While peaceful on canvas, the American Pre-Raphaelites were polemic in print. Believing that the existing platforms of artistic discussion too often relied upon indiscriminate praise, they established a journal of essays and criticism titled The New Path (or “The New Wrath” to its targets). With a clarion in one hand and a bullhorn in the other, they confronted the artists of the Hudson River School. They went after the theatrical artifice of Albert Bierstadt, who designed special drapery, lighting, and viewing tubes for the display of his grand landscapes. Yet it was not too late for Bierstadt’s artistic salvation, Moore wrote in The New Path, if he allowed “God’s truth [to] come in and take the place of vanity.” Thomas Cole’s landscapes were “pieces of hopeless imbecility,” according to a pseudonymous author, and “in twenty-five years will not be worth the canvas they are painted on.”

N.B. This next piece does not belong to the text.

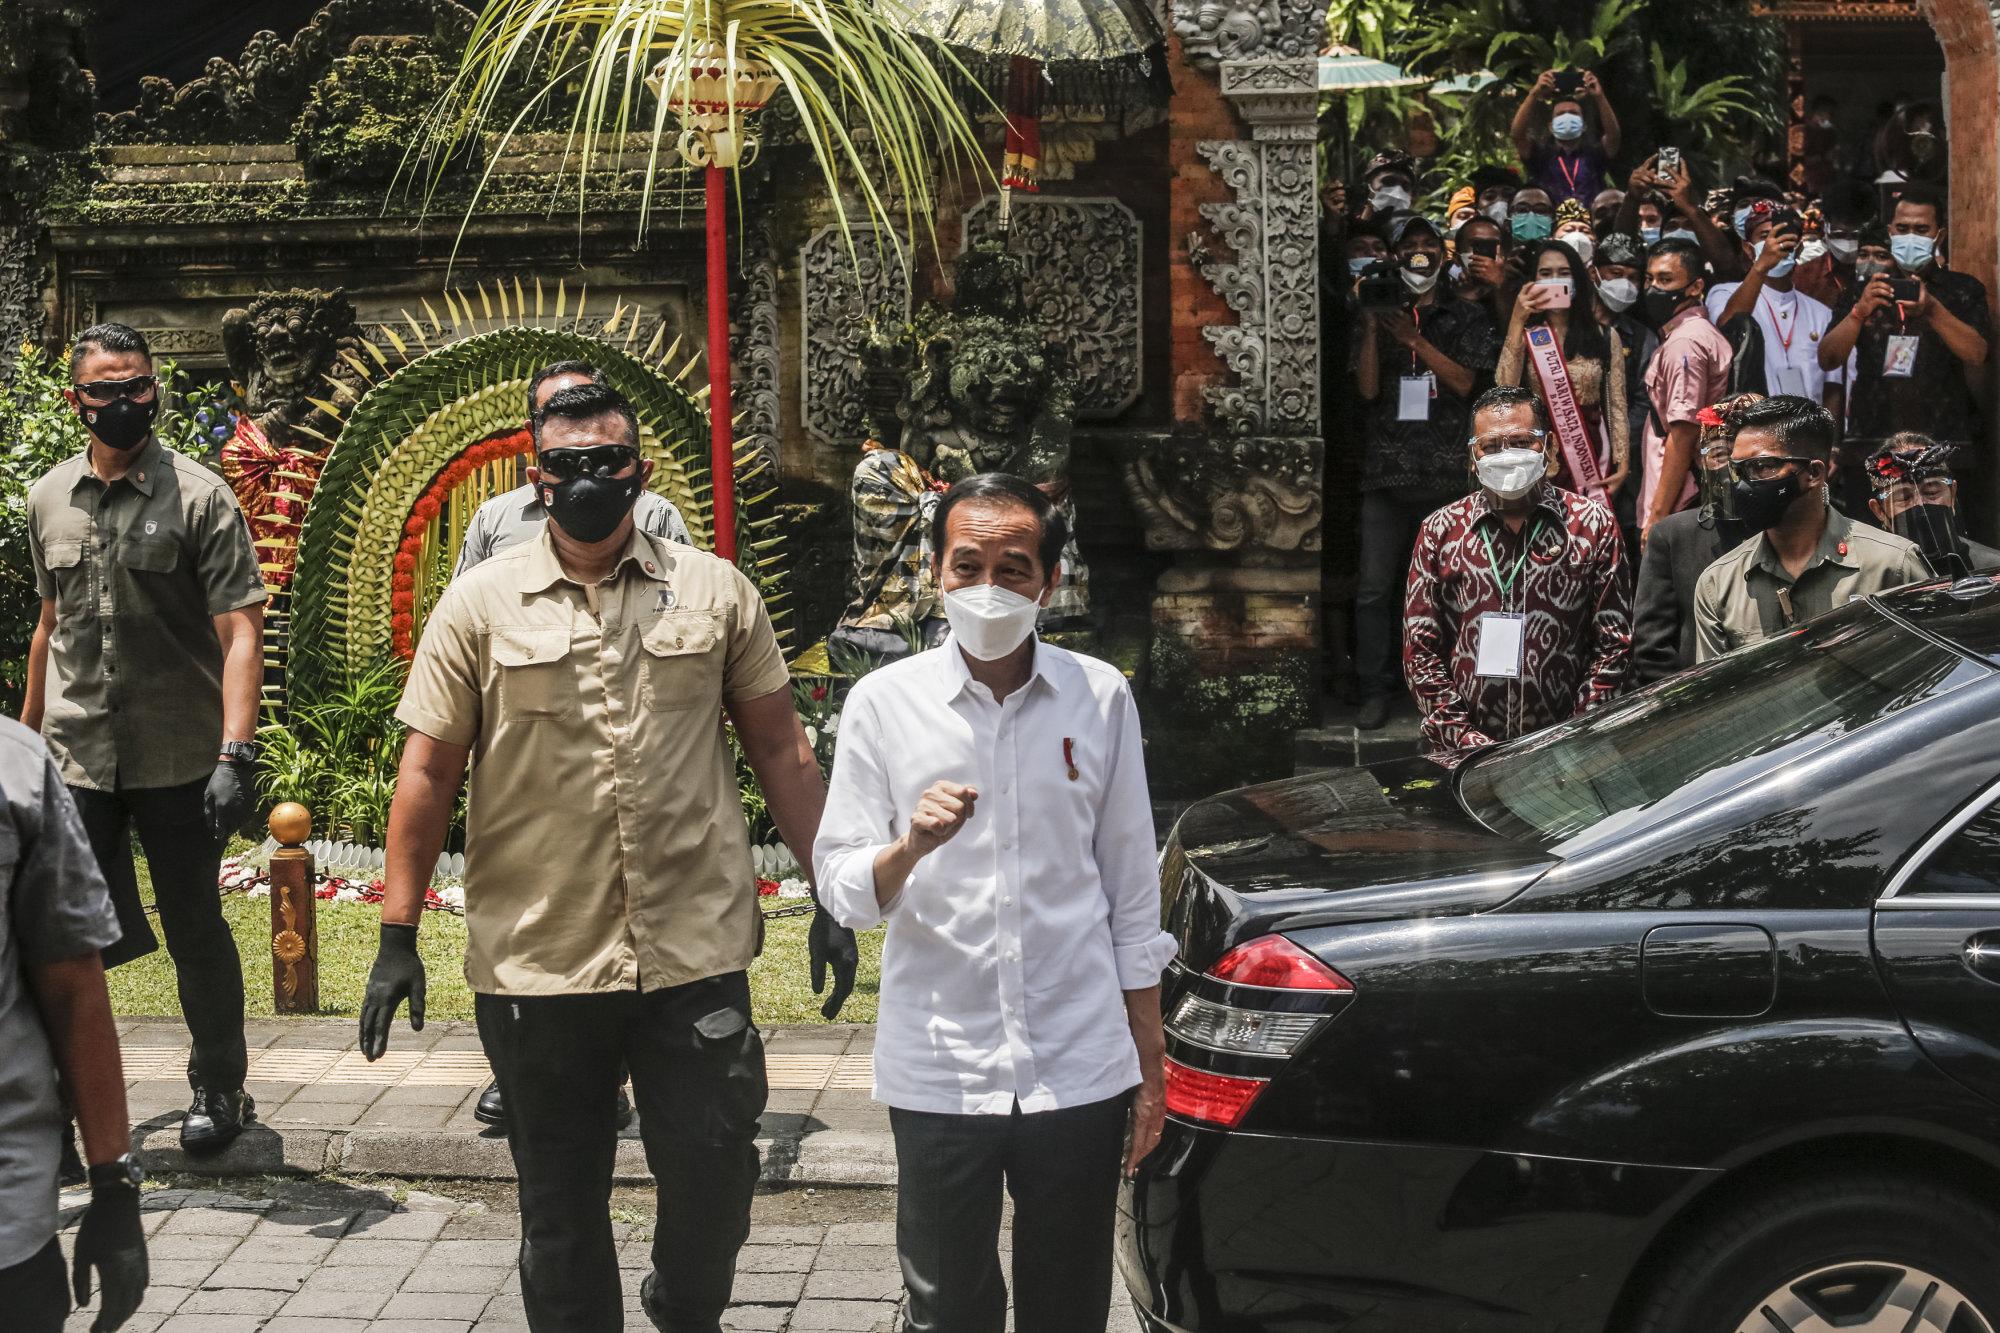 Indonesian President Joko Widodo arrives in Ubud, Bali, on March 16. Photo: Getty Images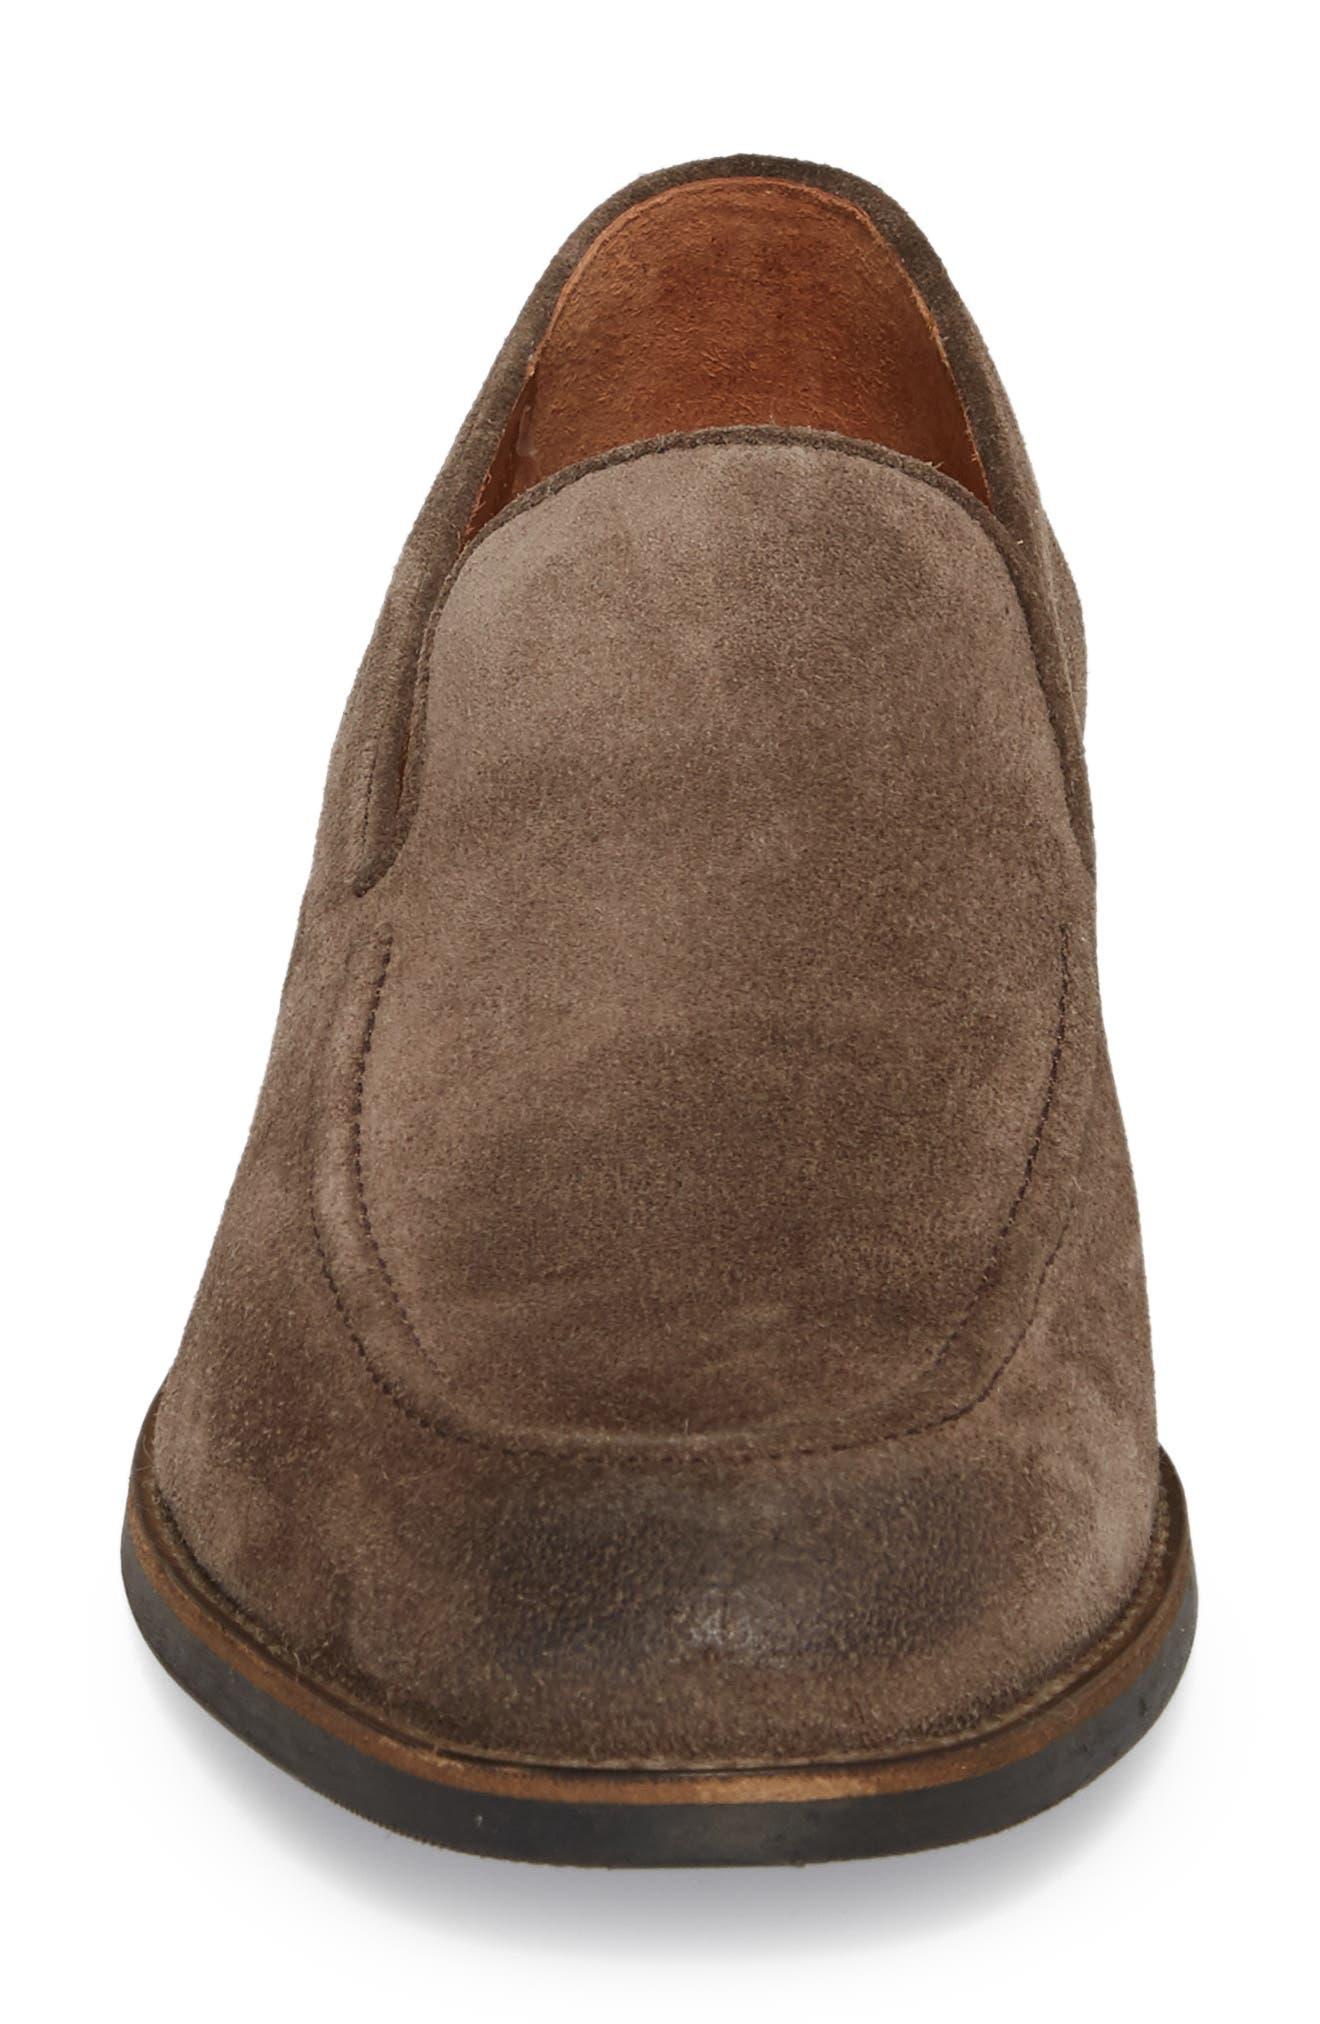 Jefferson Venetian Loafer,                             Alternate thumbnail 4, color,                             ELEPHANT SUEDE

But ultimately, it was the American Pre-Raphaelites’ lifespan, not Cole’s, that rivaled the mayfly’s. Their first collective show, an 1867 exhibition of realists at Yale, was also their final show. The New Path lasted only two years. Collectors and critics viewed their art as “hard and harsh” and devoid of “atmosphere and poetry.” By the end of the nineteenth century, tastes had shifted towards the socially focused realism found in Barbizon, Paris, and Munich. Yet the artists formerly known as the American Pre-Raphaelites continued to influence American culture. Their newly sophisticated handling of watercolor elevated the medium and supported the debut of the American Watercolor Society in 1867. As a Harvard professor, Moore was the first to introduce Ruskin to a university curriculum in the United States, while Fidelia Bridges and Henry Roderick Newman helped usher in the AmericanAesthetic movement.

Ruskin may not have set foot in the New World, but with a boulder as his emissary he changed the landscape of American art. In a letter, he noted having “much to thank America for—heartier appreciation and a better understanding of what I am and mean, than I have ever met in England.” As the new show in Washington at-tests, Ruskin’s Americans did it best—capturing the delicate beauty of our ordinary nature.